На собрании по случаю выхода номера 2–3 «Чисел», где прошел мой «неприличный» рассказ «Тринадцатые», в воздухе пахло скандалом. Милюков говорил о «кризисе» в современном искусстве (pour changer), а с мест выкрикивали разную брань; Мережковский с Оцупом на эстраде свирепо заспорили друг с другом. Оцуп уверял, что преимущество Запада перед Россией в том, что здесь исповедуют принцип chacun pour soi, et Dieu pour tous…[48] Мережковский возражал, говоря, что это пословица консьержей. Он был прав, конечно.
Тогда Поплавский заявил, что русский народ — подлый народ. Достаточно вспомнить родную поговорку «один в поле не воин»… Тут раздался из задних рядов томный вопль Сазоновой, сообщавшей о четырех русских беглецах, погибших героически, переплывая Дунай (о них недавно писали в «Последних новостях»). Младоросы давно уже патриотически свистели и стучали; становилось весело.
Милюков, привыкший к «обструкции» чуть ли не с детства, спокойно ждал, а Оцуп довольно умело и лихо цыкнул; утихомирив недовольных, объявил перерыв.
Обычно на таких вечерах во время антрактов в задней комнатушке «для артистов» собирались все участвующие в прениях и близкие люди: разбивались на отдельные группы, теснясь вокруг общепризнанных авторитетов или редакторов журналов… Одиночки, не имевшие возможности или основания присоединиться к такому кружку, держались обособленно, гордо.

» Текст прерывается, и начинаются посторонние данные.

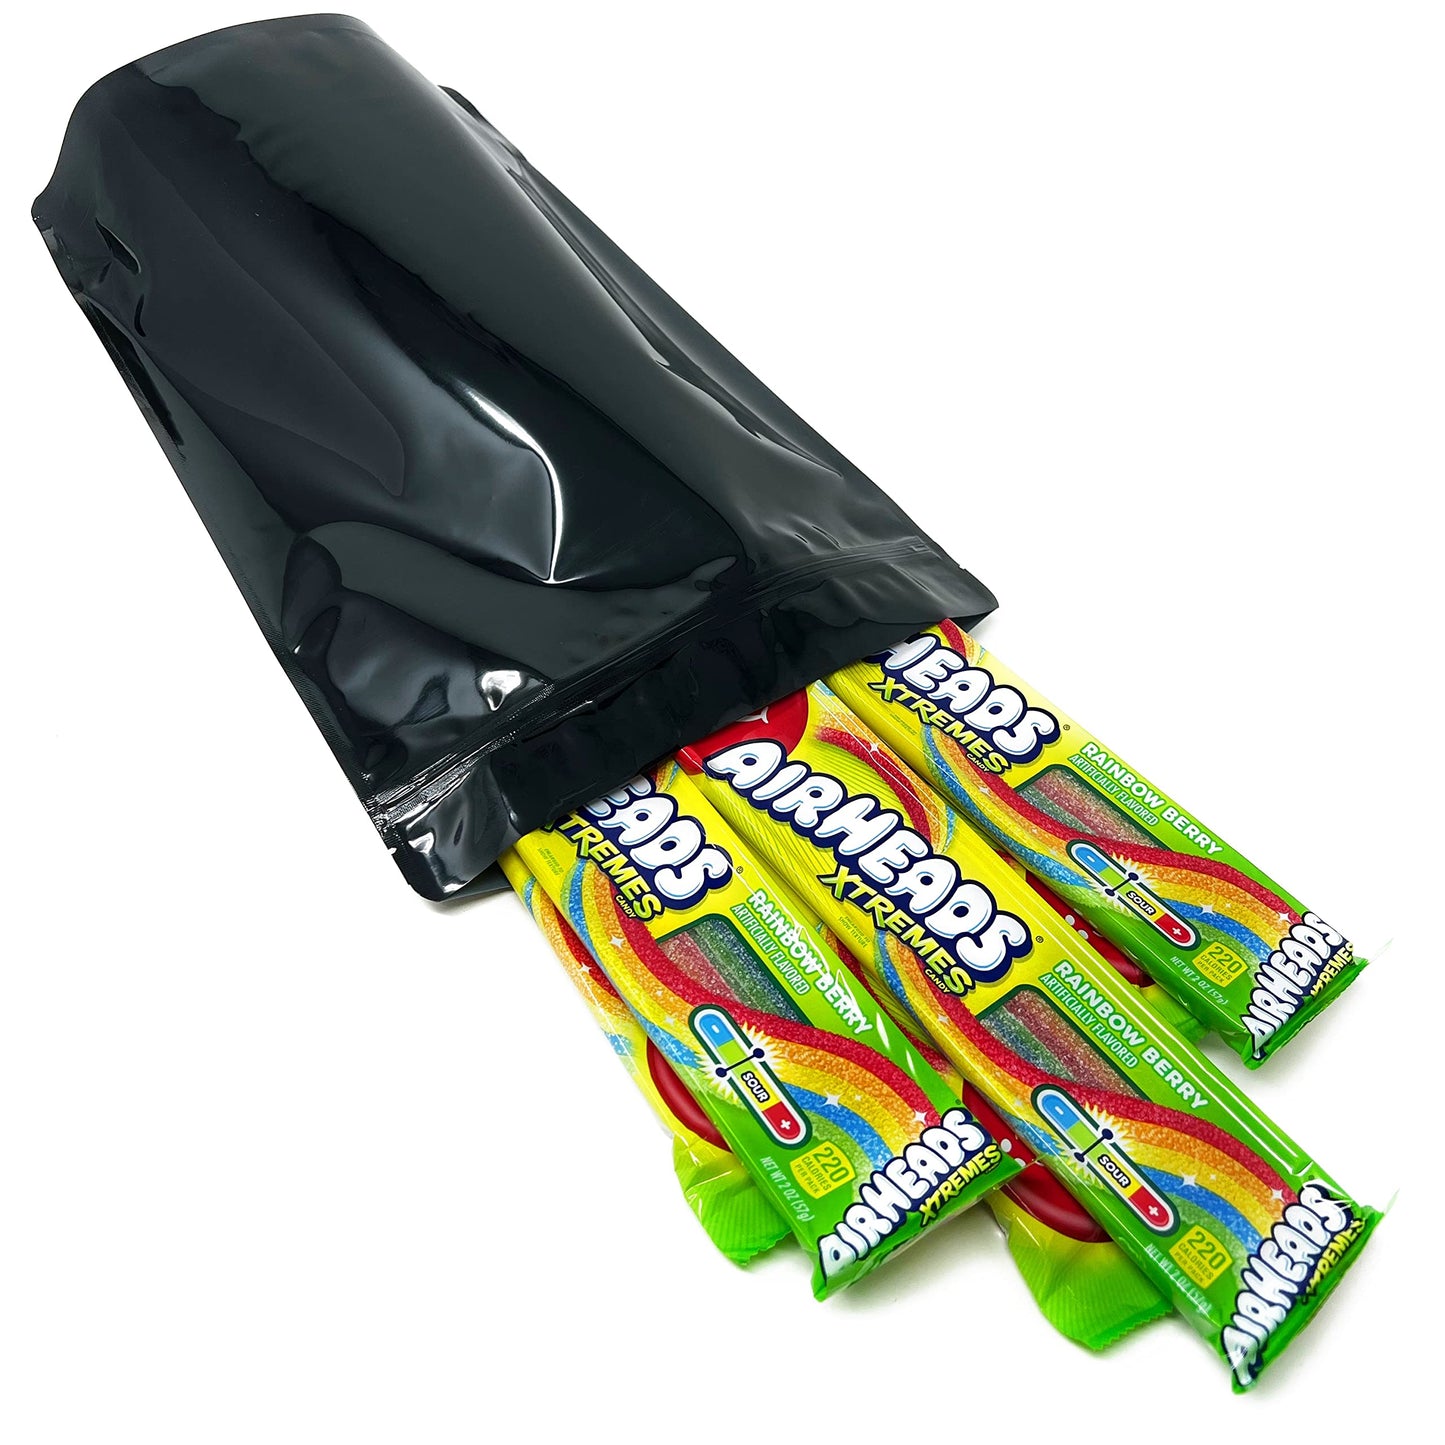 Airheads Xtremes Sour Candy Assortment - 6 Count

Время перерыва было, разумеется, лучшим утешением в жизни эмигрантского литератора… Тогда можно пустить острое словечко, повторить сплетню, условиться о встрече, узнать про судьбу рукописи, обменяться ценной информацией, наконец, пожать ручку приятной дамы или знаменитости вроде Шаляпина, Алехина, Керенского. Одни доклады казались скучными, другие захватывающими, но эти паузы были почти всегда одинаково интересны, хотя и не лишены своеобразной горечи.
Так, во время антракта на вечере «Чисел» мне впервые открылся некий жестокий «социальный» опыт… Помню, я стоял в гордом одиночестве, нехотя прислушиваясь к разнобою голосов вокруг Милюкова и Гиппиус, и вдруг заметил застрявшего в другом углу комнаты НН., естественно, мелькнула мысль: зачем же нам стоять отдельно, гораздо приятнее дожидаться звонка вместе! И я подошел к нему, но сразу почувствовал враждебный и недовольный косой взгляд — мне были не рады! Я немедленно удалился в свой угол, но тут ко мне подскочил ММ., фамильярно заливаясь… Теперь я на него поглядел неприязненно и на вопросы почти не отвечал. Близость ММ. окончательно «унижала» меня, как, очевидно, разговор со мною «компрометировал» НН… Эта сложная «общественная» механика открылась мне вдруг во всей остроте: она действует с одинаковой силой и в придворной среде и в эмигрантском караван-сарае.